Read the passes. Understand the logic. Run the analyzer yourself — select text in the Text view and watch what comes out. When you want to change behavior, you have two levers: ask Claude to make the edit, or open the rule, dictionary, or function and change it by hand. Re-run after every change. Lock in the behavior you want with regression tests.

This is where the analyzer becomes yours rather than Claude’s. Don’t skip it. The classic failure mode of AI-assisted development is shipping code you don’t actually understand. With NLP++ you never have to — the code is right there in front of you, and it is readable on purpose.

What you’re left with

When you’re done, look at what you have: a folder of deterministic, auditable rules that produce the same output for the same input, forever. No API key. No network call. No subscription.

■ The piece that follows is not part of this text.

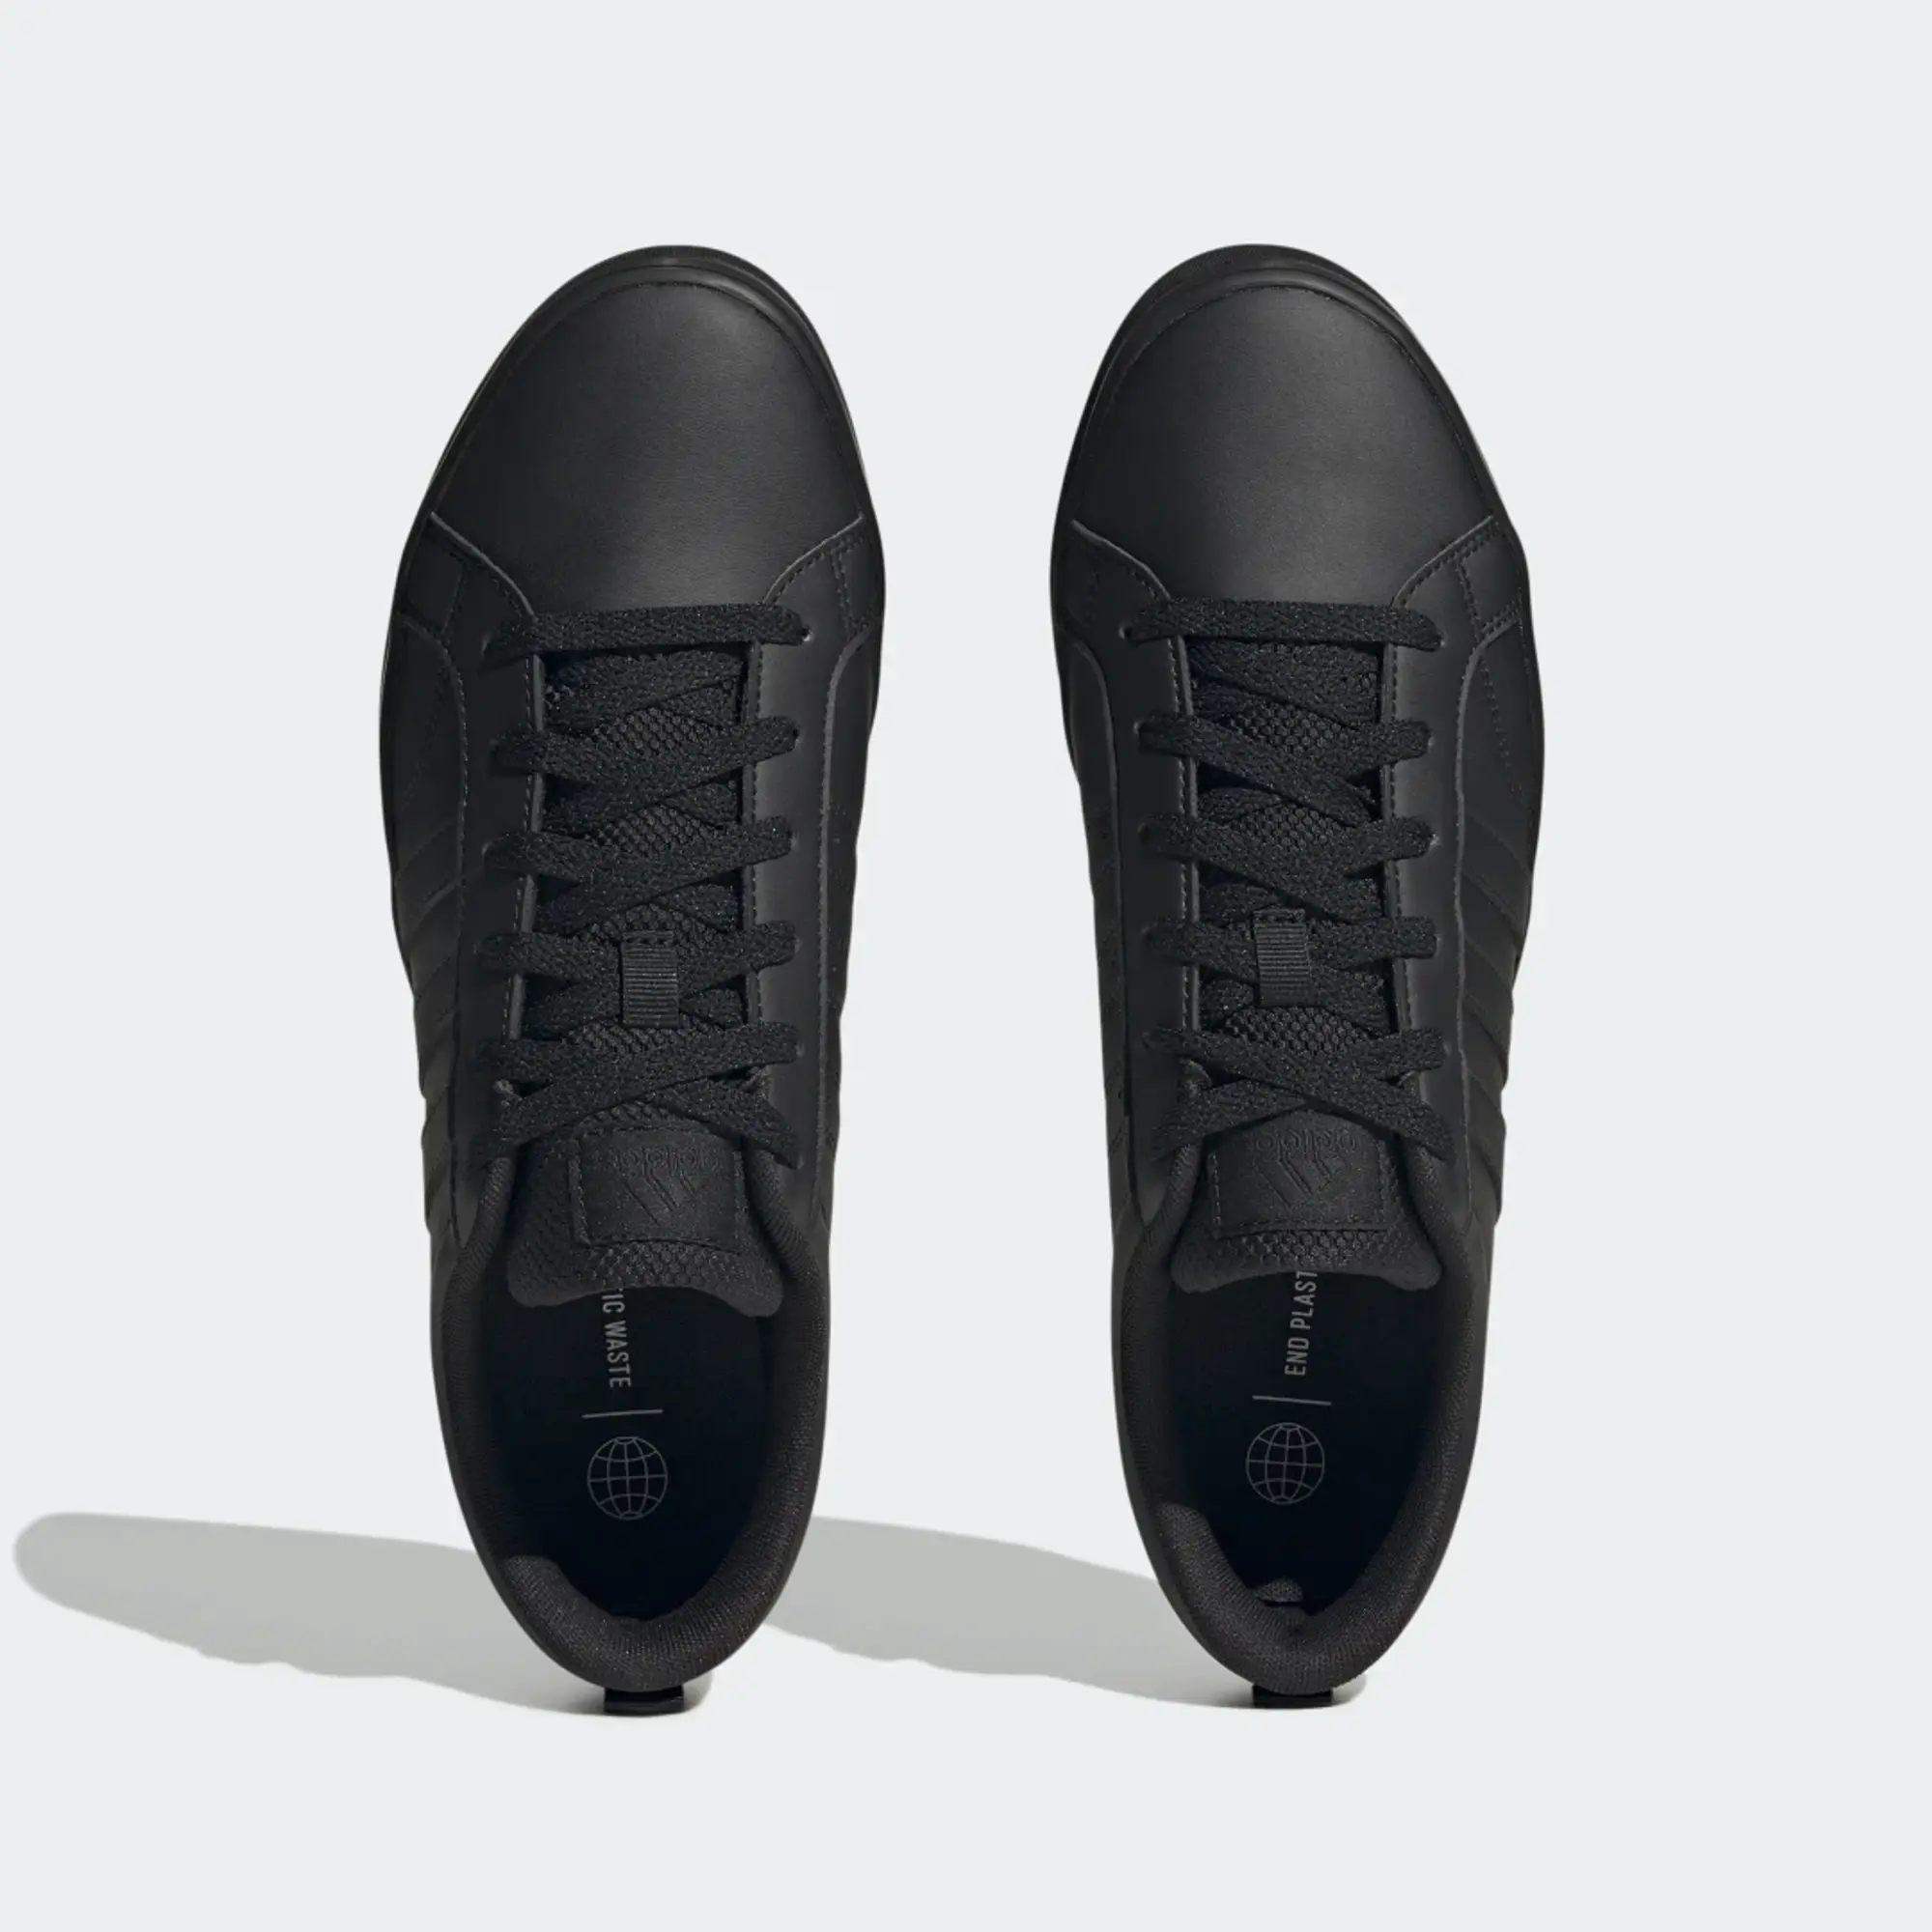 Adidas Vs Pace 2.0 Trainers  - Black
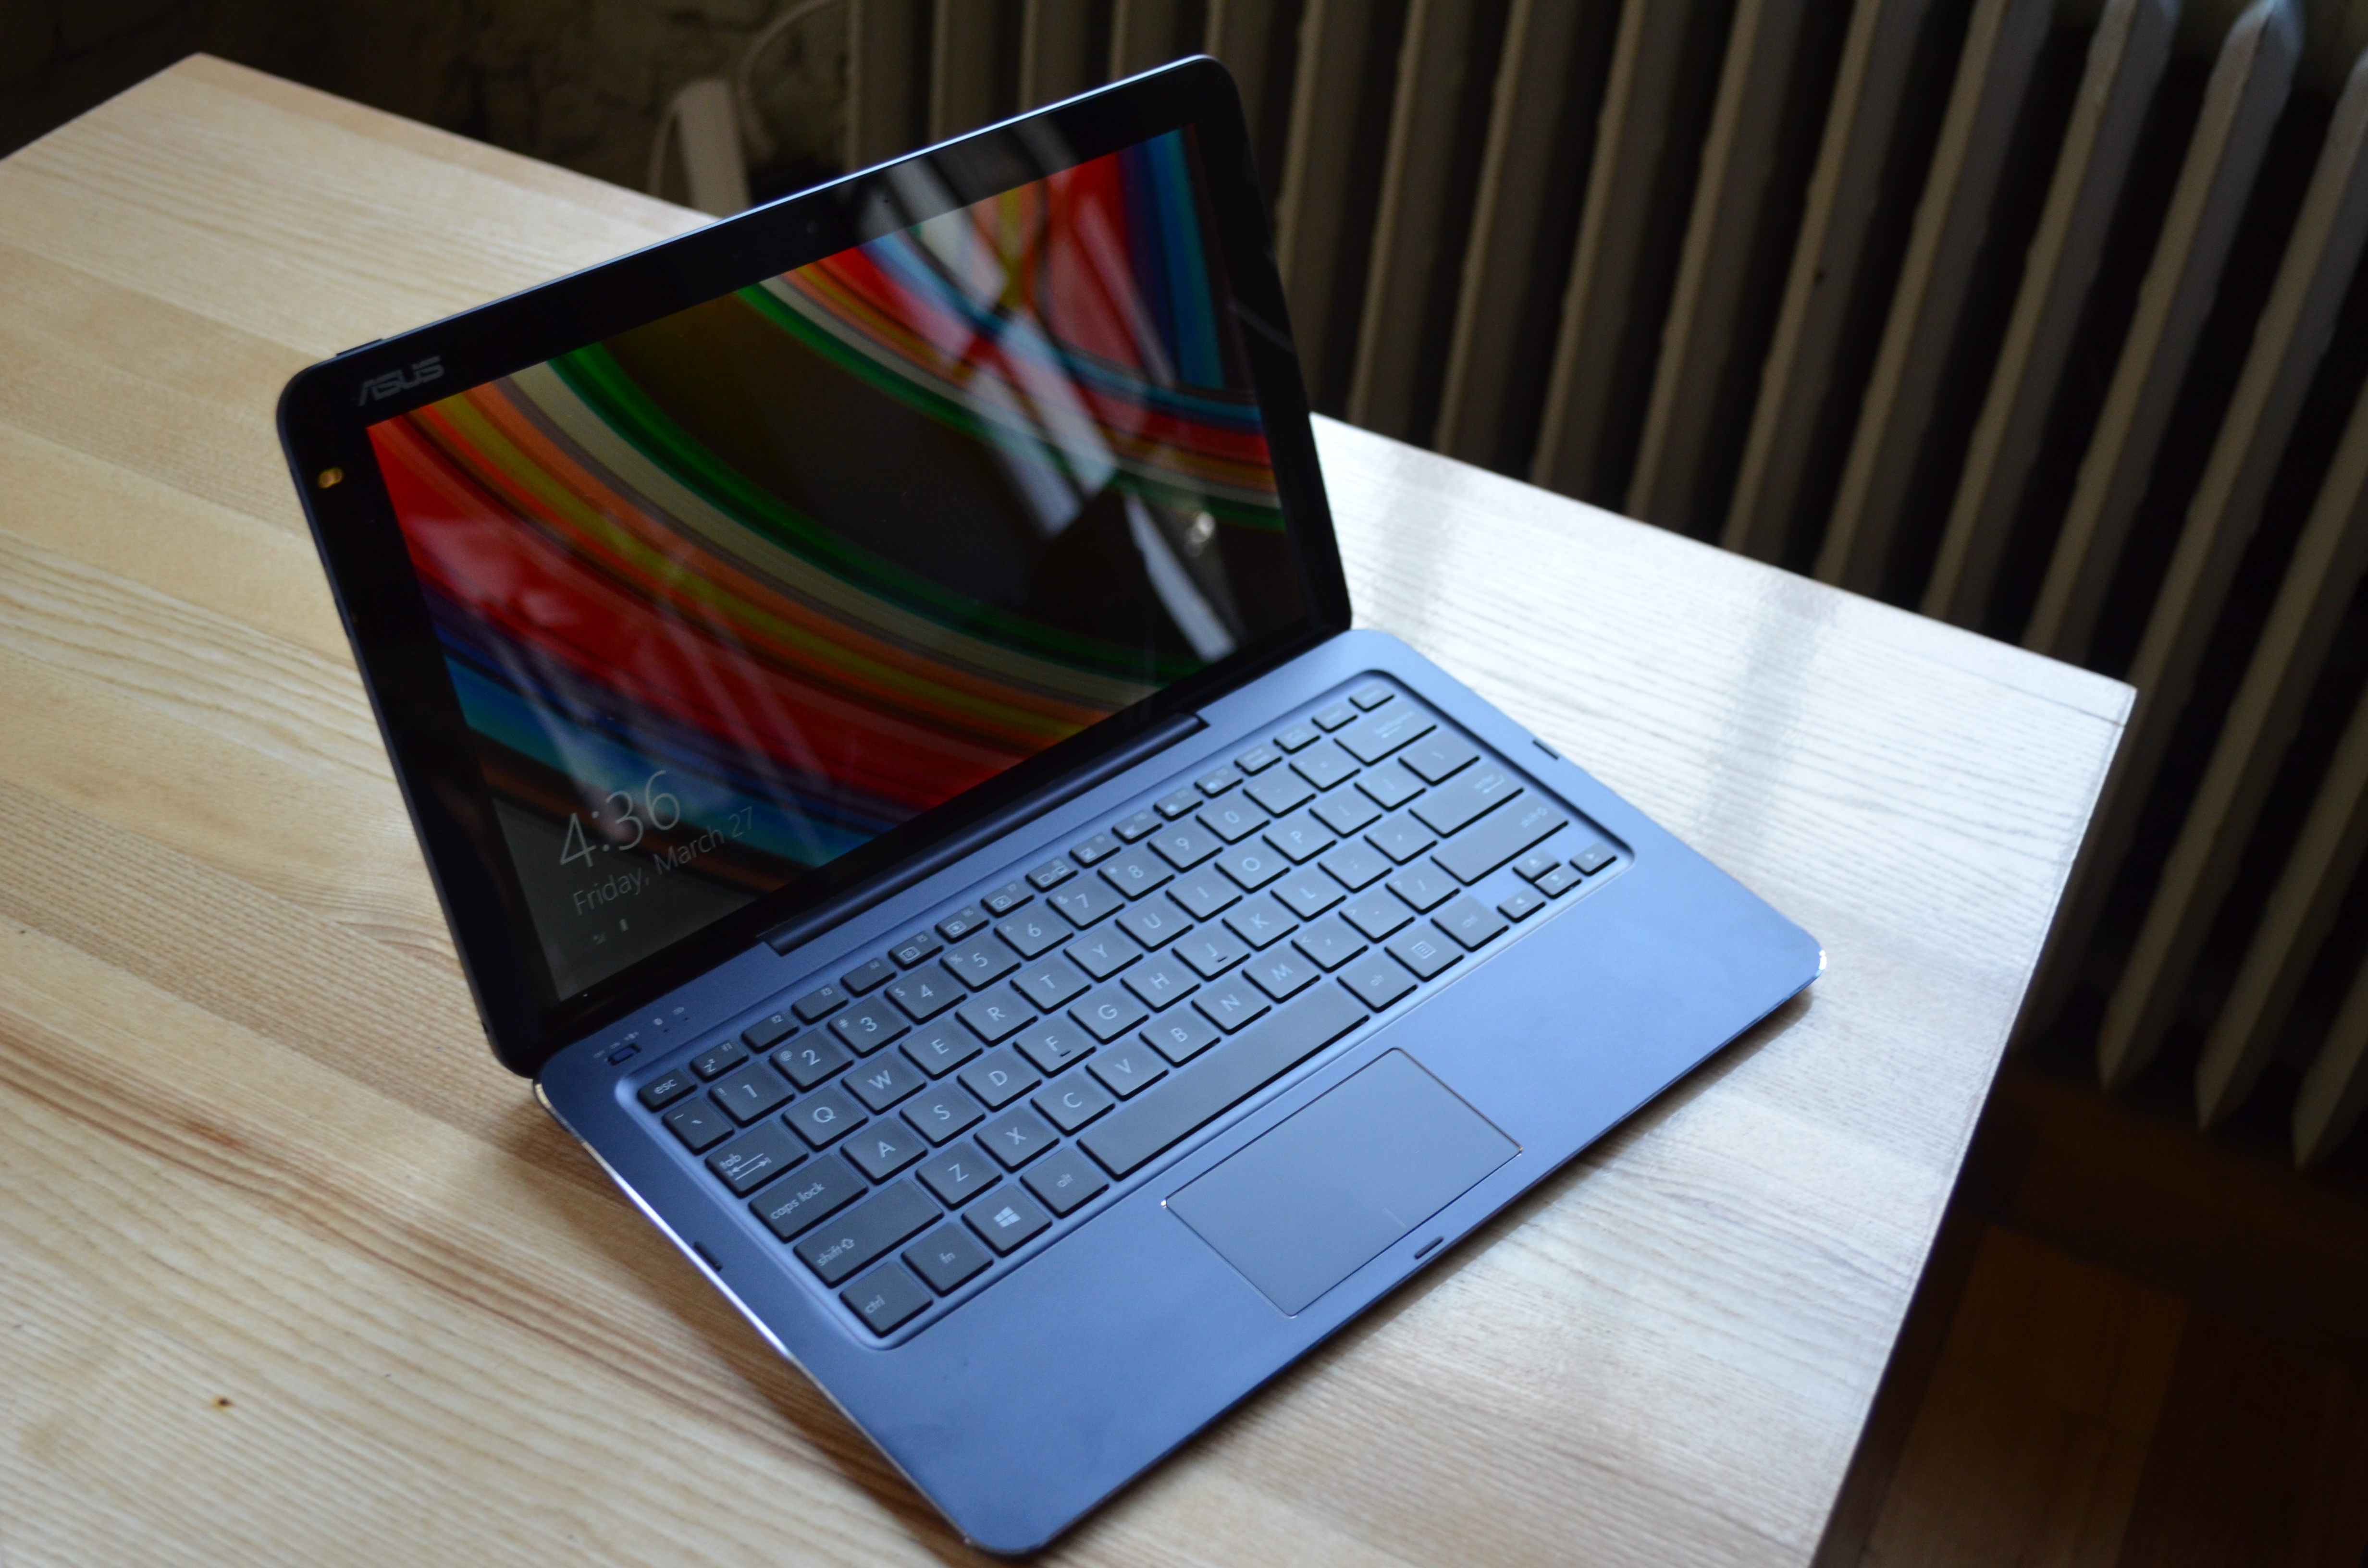 The 12.5-inch Asus Transformer Book T300 Chi Now Available for a $699 Price  Tag - Tablet News

No model version to get deprecated out from under you. When someone asks why the analyzer made a decision, you point at the rule. That’s the whole pitch.

Claude helped you build it — it scaffolded the start, suggested better ways to process the text along the way, and hardened it once it was working. But the thing you keep is plain NLP++ that runs on its own. That’s the point of using Claude with NLP++: borrow the speed, keep the transparency.